* Your objective *
Give back every line of the data exactly. Pictures are not part of the copy.

* Source material *
--
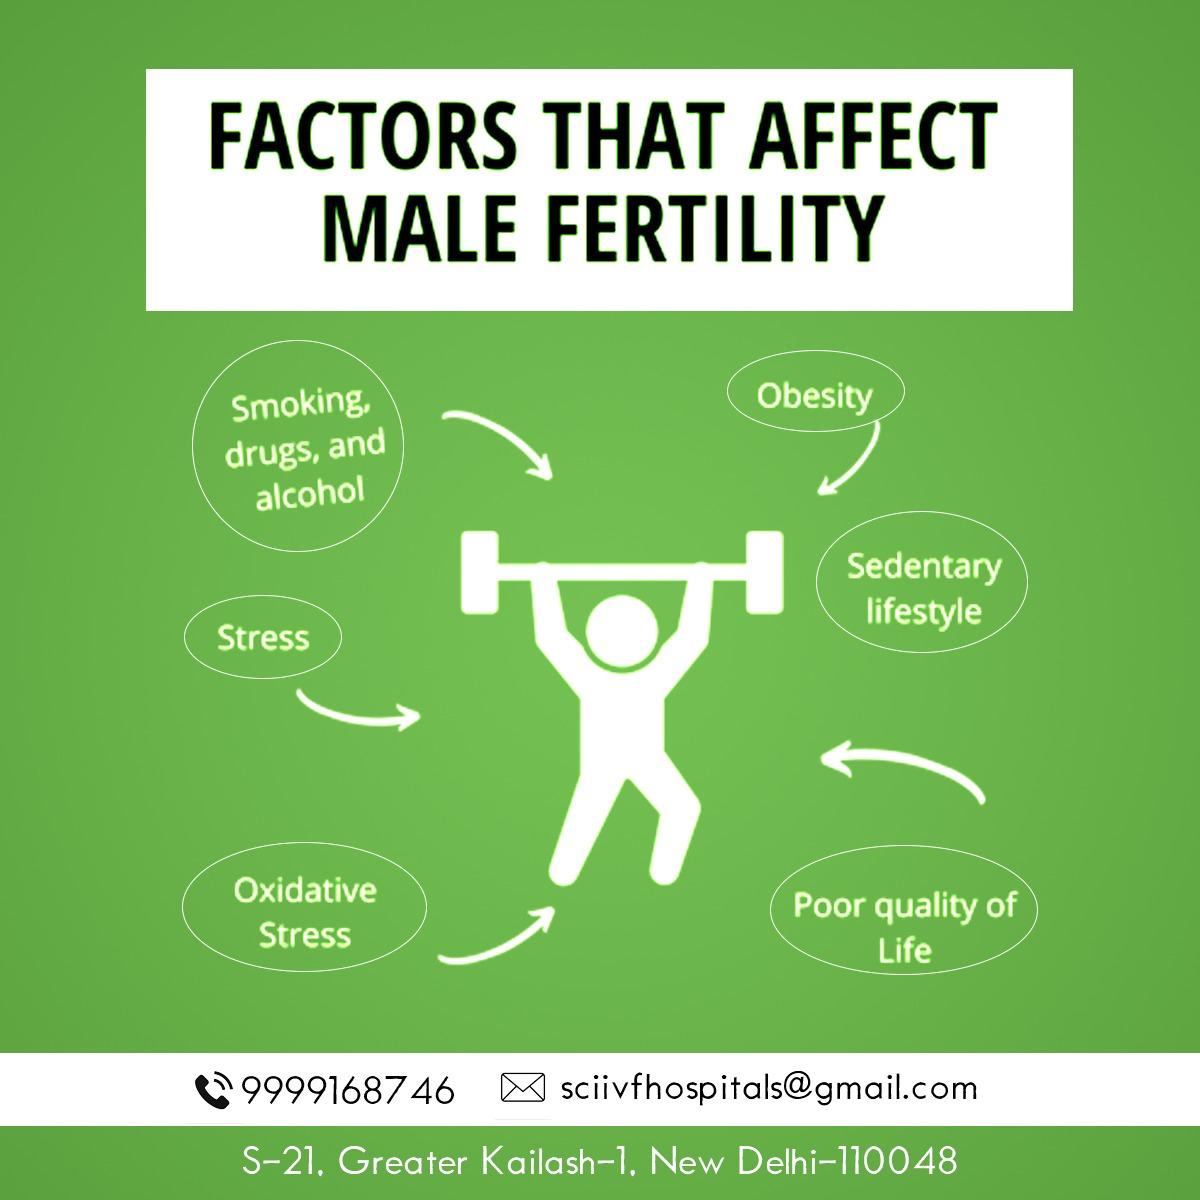 Factors that Influence Male Fertility
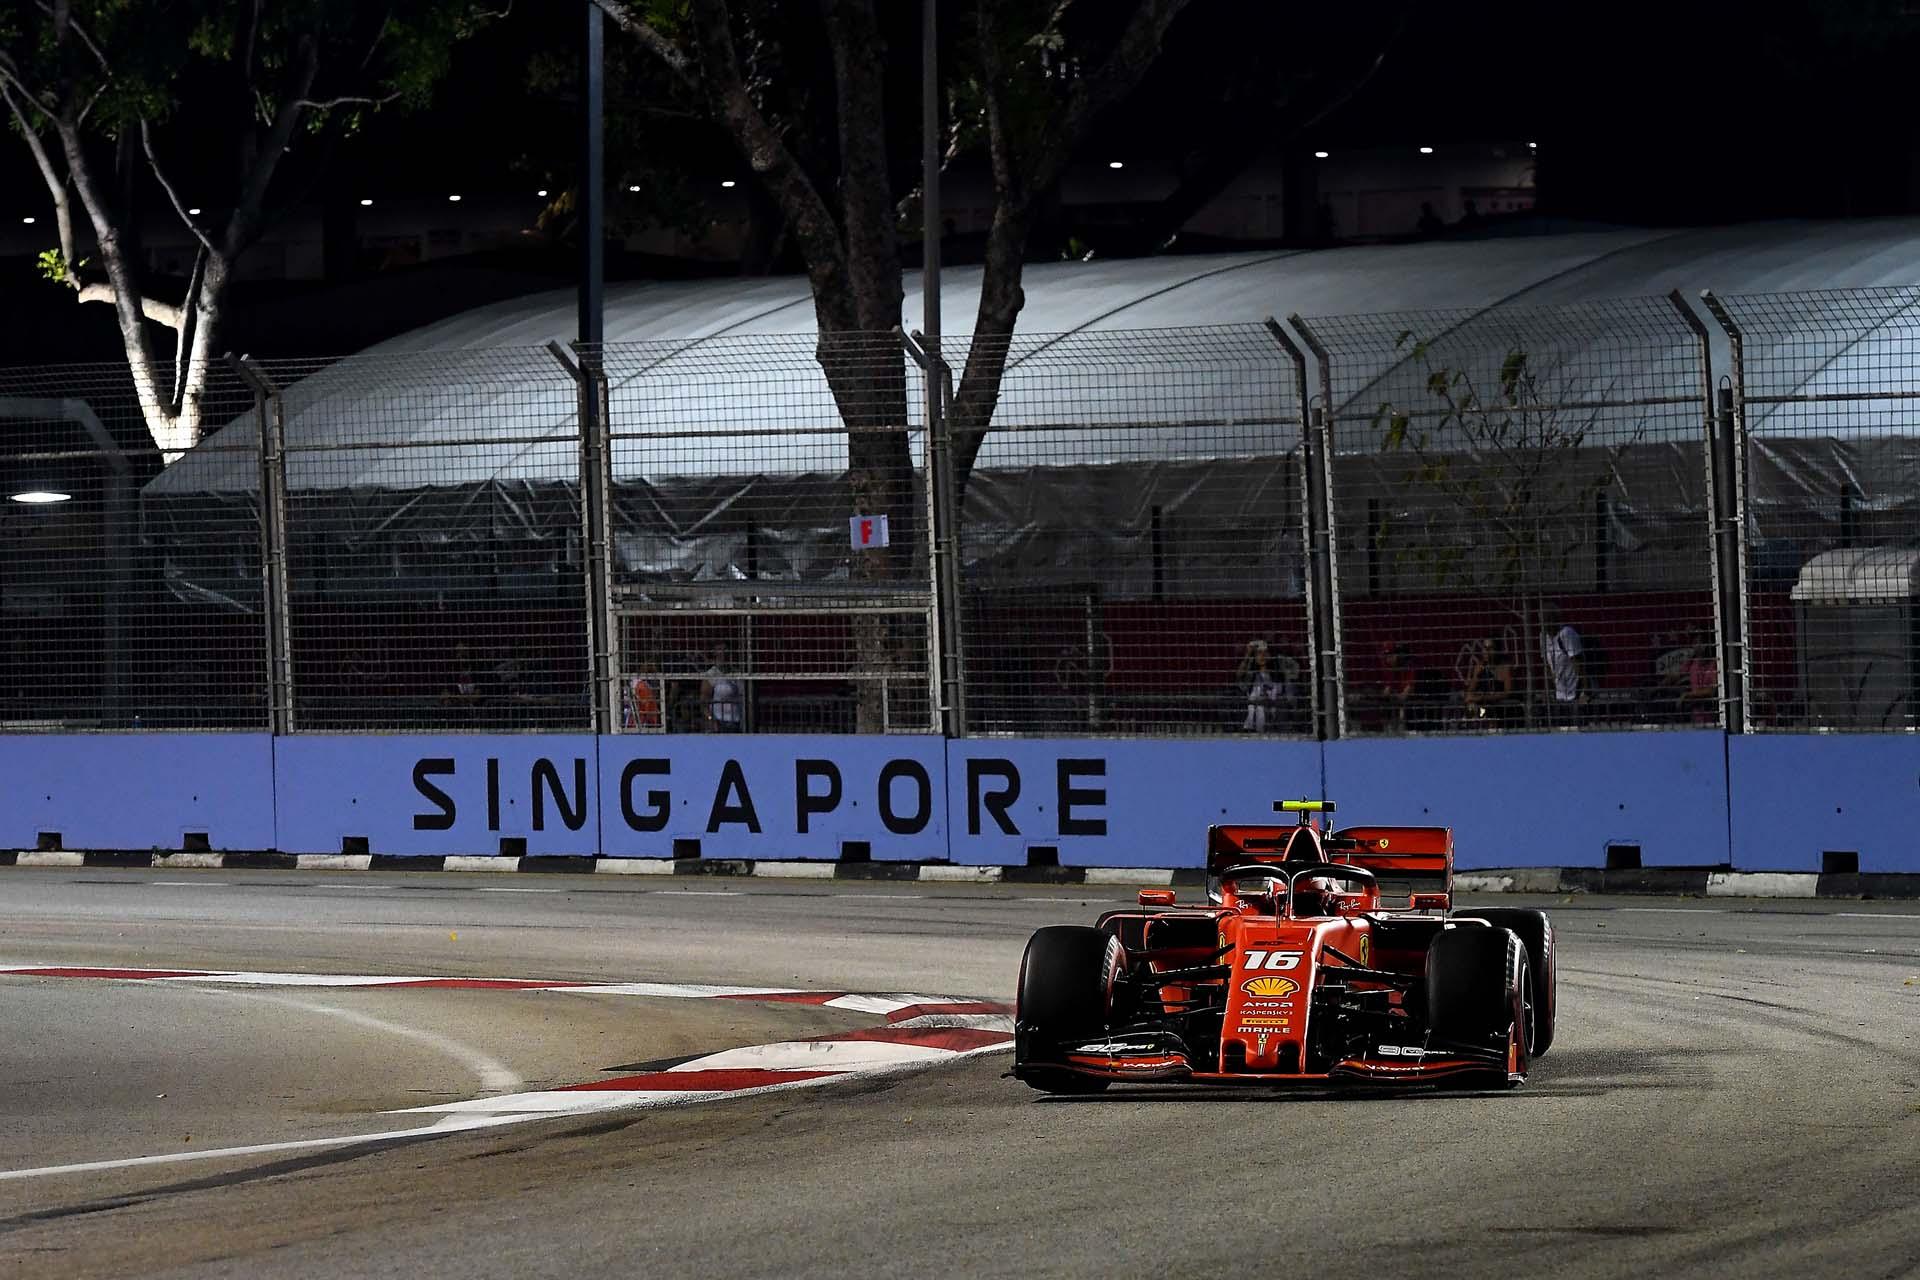 GP SINGAPORE F1/2019 -  VENERDI 20/09/2019
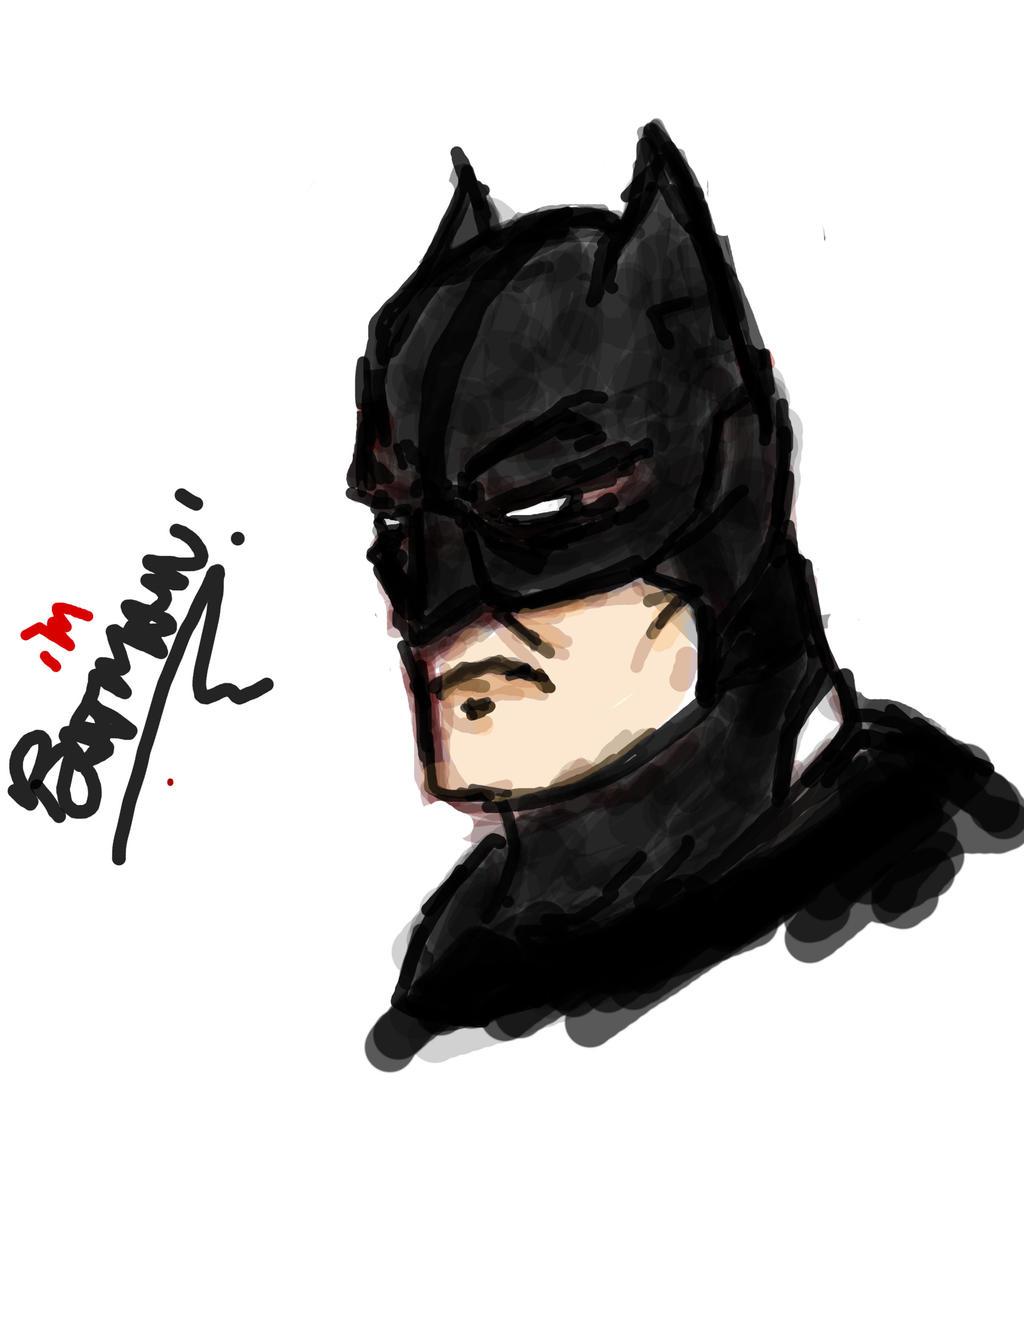 Graphics Tablet Sketch - I'm Batman by prathik
--
* Result *
 Factors that Influence Male Fertility
 GP SINGAPORE F1/2019 -  VENERDI 20/09/2019
 Graphics Tablet Sketch - I'm Batman by prathik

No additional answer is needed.